Abstract

DNA sequence is an important determinant of the positioning, stability, and activity of nucleosomes, yet the molecular basis of these effects remains elusive. A “consensus DNA sequence” for nucleosome positioning has not been reported and, while certain DNA sequence preferences or motifs for nucleosome positioning have been discovered, how they function is not known. Here, we report that an unexpected observation concerning the reassembly of nucleosomes during salt gradient dialysis has allowed a breakthrough in our efforts to identify the nucleosomal locations of the DNA sequence motifs that dominate histone–DNA interactions and nucleosome positioning. We conclude that a previous selection experiment for high-affinity, nucleosome-forming DNA sequences exerted selective pressure chiefly on the central stretch of the nucleosomal DNA. This observation implies that algorithms for aligning the selected DNA sequences should seek to optimize the alignment over much less than the full 147 bp of nucleosomal DNA. A new alignment calculation implemented these ideas and successfully aligned 19 of the 41 sequences in a non-redundant database of selected high-affinity, nucleosome-positioning sequences.
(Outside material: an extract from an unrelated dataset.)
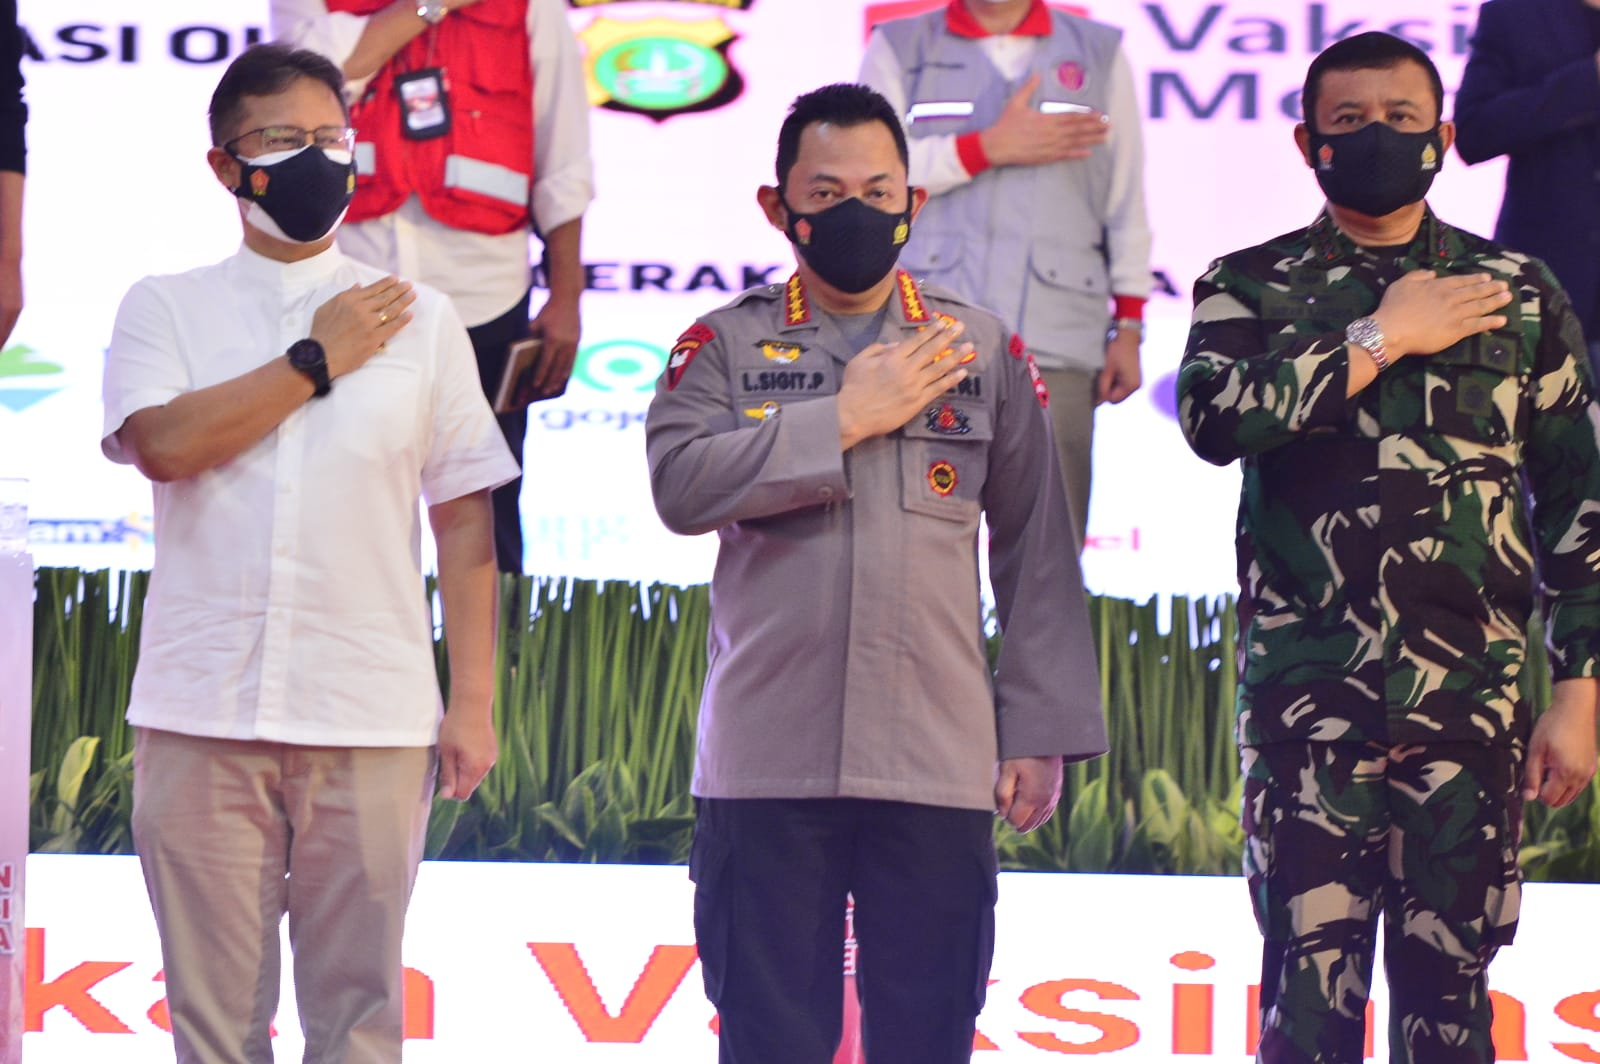 Kapolri Jenderal Pol Listyo Sigit Prabowo dan jajarannya beserta seluruh stakeholder melaouncing Vaksinasi Merdeka. (Foto: PMJ News)lein

The resulting alignment reveals strong conservation of several stretches within a central 71 bp of the nucleosomal DNA. The alignment further reveals an inherent palindromic symmetry in the selected DNAs; it makes testable predictions of nucleosome positioning on the aligned sequences and for the creation of new positioning sequences, both of which are upheld experimentally; and it suggests new signals that may be important in translational nucleosome positioning.